DuckLake Publishing
LakeXpress can automatically register exported Parquet files in a DuckLake catalog, enabling ACID transactions, time travel, and schema evolution without copying data.
Table of Contents
- What is DuckLake?
- Prerequisites
- Catalog Backend Options
- Configuration Options
- Dynamic Naming Patterns
- Usage Examples
- Data Type Mapping
- Querying Tables
- CLI Reference
What is DuckLake?
DuckLake is an open table format that adds data warehouse capabilities to your data lake using DuckDB and a lightweight metadata catalog.
- ACID Transactions: Atomic commits across multiple tables
- Time Travel: Query data at any historical point in time
- Schema Evolution: Add, rename, or modify columns without rewriting data
- Multi-Engine Access: Query from DuckDB, Python, or any DuckDB-compatible tool
Supported catalog backends:
- SQLite — File-based, suited for local development
- PostgreSQL — Production-ready with concurrent access
- MySQL — Alternative production catalog
- DuckDB — Native DuckDB file as catalog
Prerequisites
1. Storage Backend
Parquet files must be accessible from the DuckLake catalog. Supported storage:
- Local filesystem
- AWS S3 (including S3-compatible: MinIO, OVH, etc.)

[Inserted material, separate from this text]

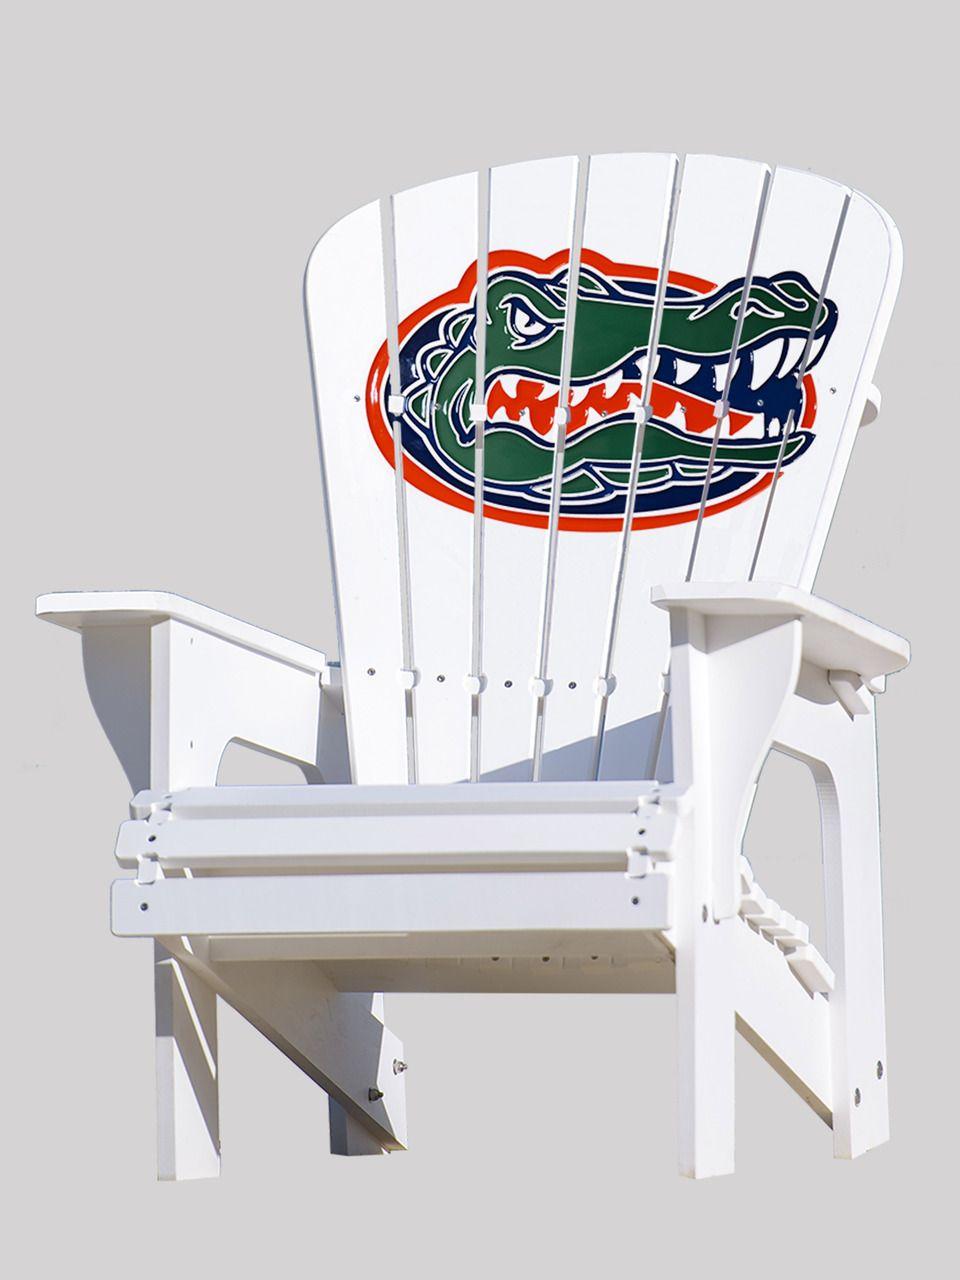 University Of Florida Gators Adirondack Chair Patio Chairs

- Google Cloud Storage (GCS)
- Azure Blob Storage
2. Catalog Database
Choose a catalog backend:
- SQLite: No setup required (file-based)
- PostgreSQL: Requires a running PostgreSQL instance
- MySQL: Requires a running MySQL instance
- DuckDB: No setup required (file-based)
Catalog Backend Options
SQLite Catalog (Simplest)
Best for local development, single-user, and testing.
{
"ducklake_sqlite": {
"ds_type": "sqlite",
"catalog_type": "ducklake",
"info": {
"filepath": "/path/to/ducklake_catalog.sqlite"
}
}
}
PostgreSQL Catalog (Recommended for Production)

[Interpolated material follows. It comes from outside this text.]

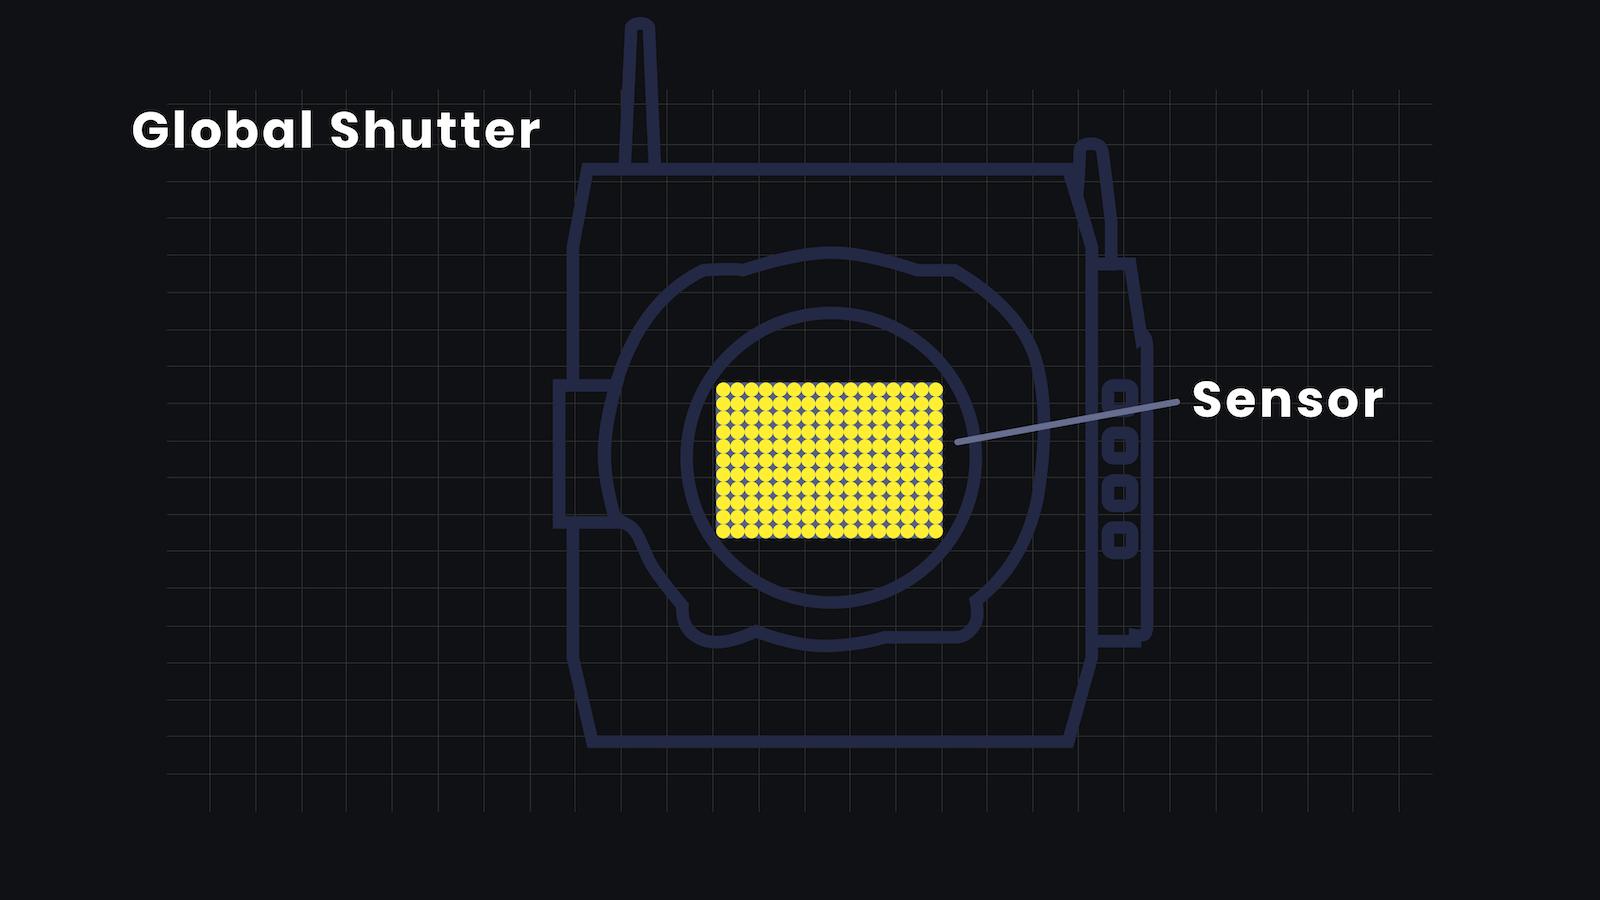 Ultimate Guide to Shutter Speed - Global Shutter

Best for multi-user access, production workloads, and concurrent queries.
{
"ducklake_postgres": {
"ds_type": "postgres",
"catalog_type": "ducklake",
"info": {
"server": "localhost",
"port": 5432,
"database": "ducklake_catalog",
"username": "postgres",
"password": "your-password",
"schema": "lakexpress"
}
}
}
The schema field sets the PostgreSQL search_path for organizing catalog tables.
MySQL Catalog
Best for environments already using MySQL.
{
"ducklake_mysql": {
"ds_type": "mysql",
"catalog_type": "ducklake",
"info": {
"server": "localhost",
"port": 3306,
"database": "ducklake_catalog",
"username": "root",
"password": "your-password"
}
}
}
MySQL uses the database as the namespace (no separate schema concept).
DuckDB Catalog
Best for DuckDB-native workflows and embedded analytics.
{
"ducklake_duckdb": {
"ds_type": "duckdb",
"catalog_type": "ducklake",
"info": {
"filepath": "/path/to/ducklake_catalog.duckdb"
}
}
}
Configuration Options
Full Credentials Example
credentials.json with S3 storage and PostgreSQL catalog:
{
"log_db": {
"ds_type": "postgres",
"auth_mode": "password",
"info": {
"server": "localhost",
"port": 5432,
"database": "lakexpress_log",
"username": "postgres",
"password": "log-password"
}
},
"source_db": {
"ds_type": "postgres",
"auth_mode": "password",
"info": {
"server": "source-server",
"port": 5432,
"database": "production",
"username": "readonly_user",
"password": "source-password"
}
},
"s3_storage": {
"ds_type": "s3",
"auth_mode": "key",
"info": {
"bucket": "my-data-lake",
"directory": "exports/",
"aws_access_key_id": "AKIAIOSFODNN7EXAMPLE",
"aws_secret_access_key": "wJalrXUtnFEMI/K7MDENG/bPxRfiCYEXAMPLEKEY",
"region": "us-east-1"
}
},
"ducklake_catalog": {
"ds_type": "postgres",
"catalog_type": "ducklake",
"info": {
"server": "localhost",
"port": 5432,
"database": "ducklake_catalog",
"username": "postgres",
"password": "catalog-password",
"schema": "lakexpress"
}
}
}
Configuration Fields
| Field | Description | Required |
|---|---|---|
ds_type |
Catalog database type: sqlite, postgres, mysql, or duckdb |
Yes |
catalog_type |
Must be "ducklake" to enable DuckLake publishing |
Yes |
info.filepath |
Path to SQLite/DuckDB catalog file | For SQLite/DuckDB |
info.server |
Database server hostname | For PostgreSQL/MySQL |
info.port |
Database server port | For PostgreSQL/MySQL |
info.database |
Database name | For PostgreSQL/MySQL |
info.username |
Database username | For PostgreSQL/MySQL |
info.password |
Database password | For PostgreSQL/MySQL |
info.schema |
Schema name (PostgreSQL only) | No |
Dynamic Naming Patterns
Pattern variables control how source tables map to DuckLake table names:
| Variable | Description | Example |
|---|---|---|
{schema} |
Source schema name | public |
{table} |
Source table name | orders |
{database} |
Source database name | production |
Pattern Examples
Default (mirror source structure):
--publish_schema_pattern "{schema}" \
--publish_table_pattern "{table}"
Result: public.orders → public.orders
Prefix with environment:
--publish_schema_pattern "prod_{schema}" \
--publish_table_pattern "{table}"
Result: public.orders → prod_public.orders
Flatten to single schema:
--publish_schema_pattern "datalake" \
--publish_table_pattern "{schema}_{table}"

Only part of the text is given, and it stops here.